There had been a very important reason for this meeting, but Emperor Ludens Nimrod Kendrick Cord Longstaff XLI had long since forgotten what it was. The same was apparently true of his visitor, who had just reached the final remarks in a protracted discourse regarding the bottle on the banqueting table.

"- and I still say I should've won that drinking contest fair and square, only it turns out two of them were androids. Cheating, when you think about it, but friendly blokes; gave me this as consolation. Here, have some more."
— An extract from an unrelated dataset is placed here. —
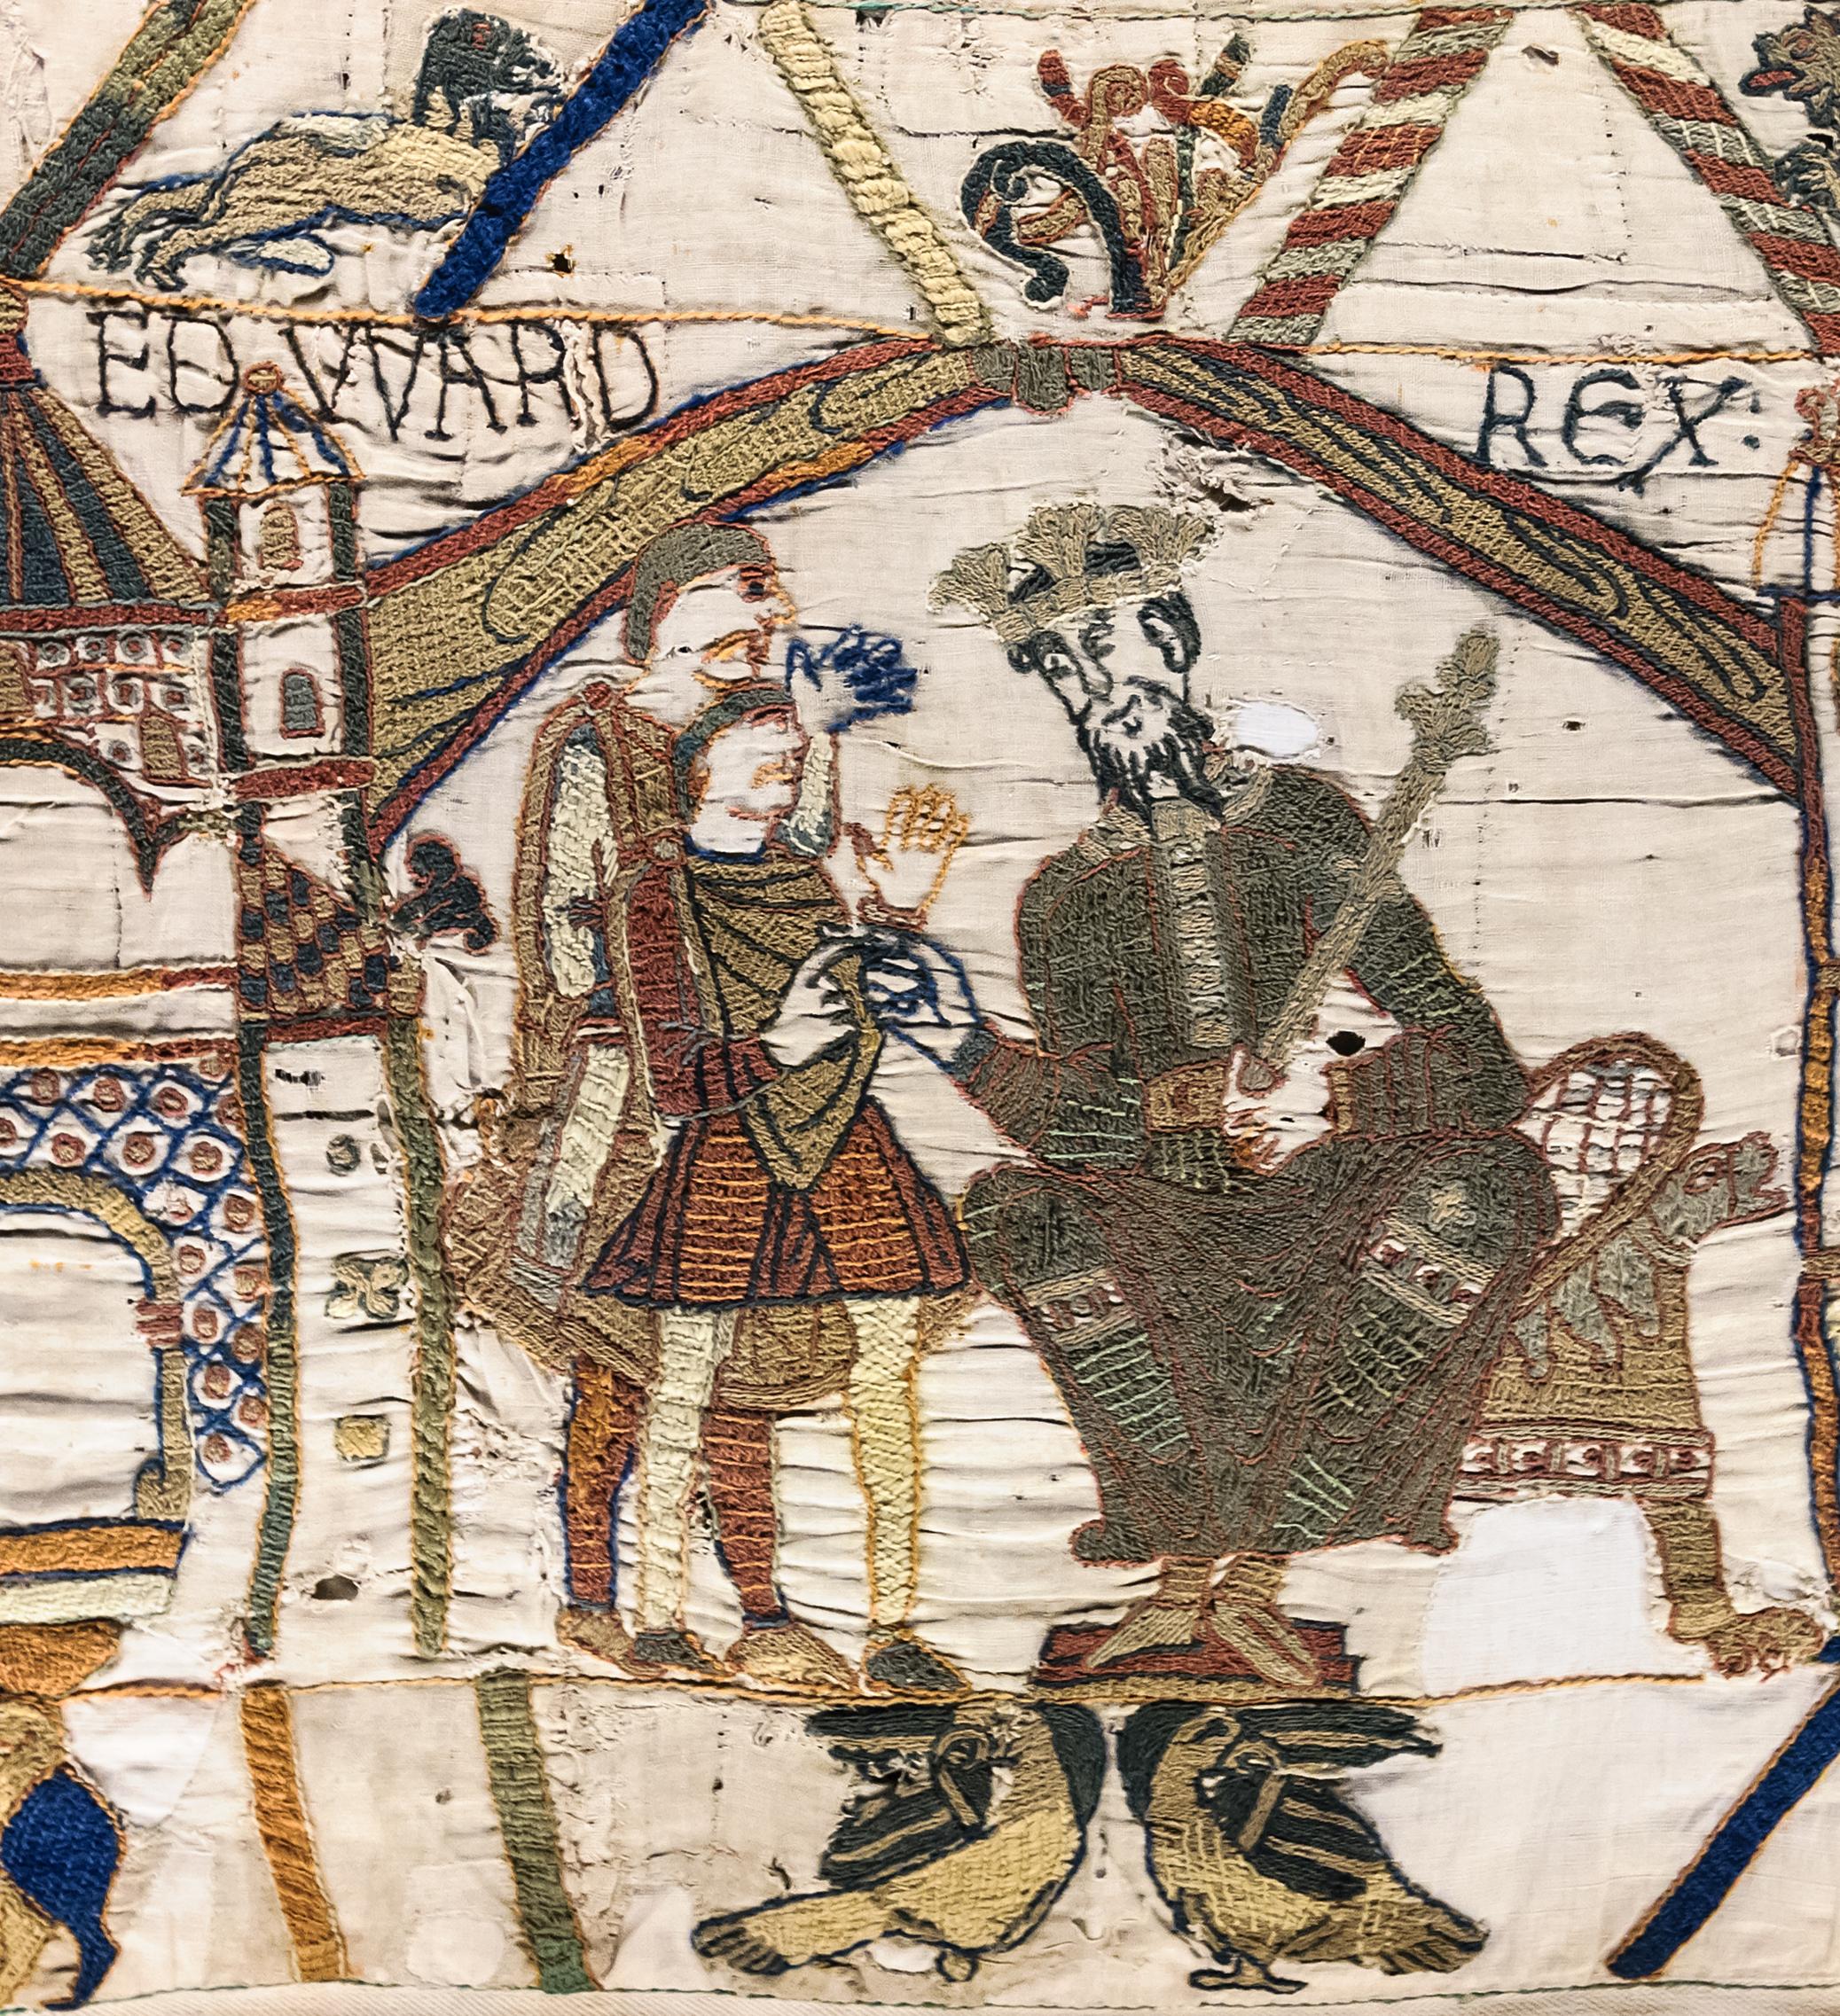 Eduardo el Confesor entronizado, según el Tapiz de Bayeux

"Ta." They raised their goblets, and the Doctor reclined against the hard white of his chair, legs sliding further forward than was strictly appropriate. One hand waved in the general direction of the door, where the retreating backs of two Royal Guard members were visible.

"So that happens a lot then? People calling you 'majesty' and bowing every time they answer a question?"

"Well, yeah. It's sort of in the job description. Sort of _is_ the job description. All titles come with strings attached. Thought you'd appreciate that, _Doctor_."

To the Emperor's disappointment, the jibe failed to make any noticeable impression. Instead the taller man scrambled back into an upright position, gathering his thoughts along with all four limbs. "Let's stay with 'Porridge'. Much easier, I liked it."

Porridge exhaled slowly through his nose. "I know. Me too."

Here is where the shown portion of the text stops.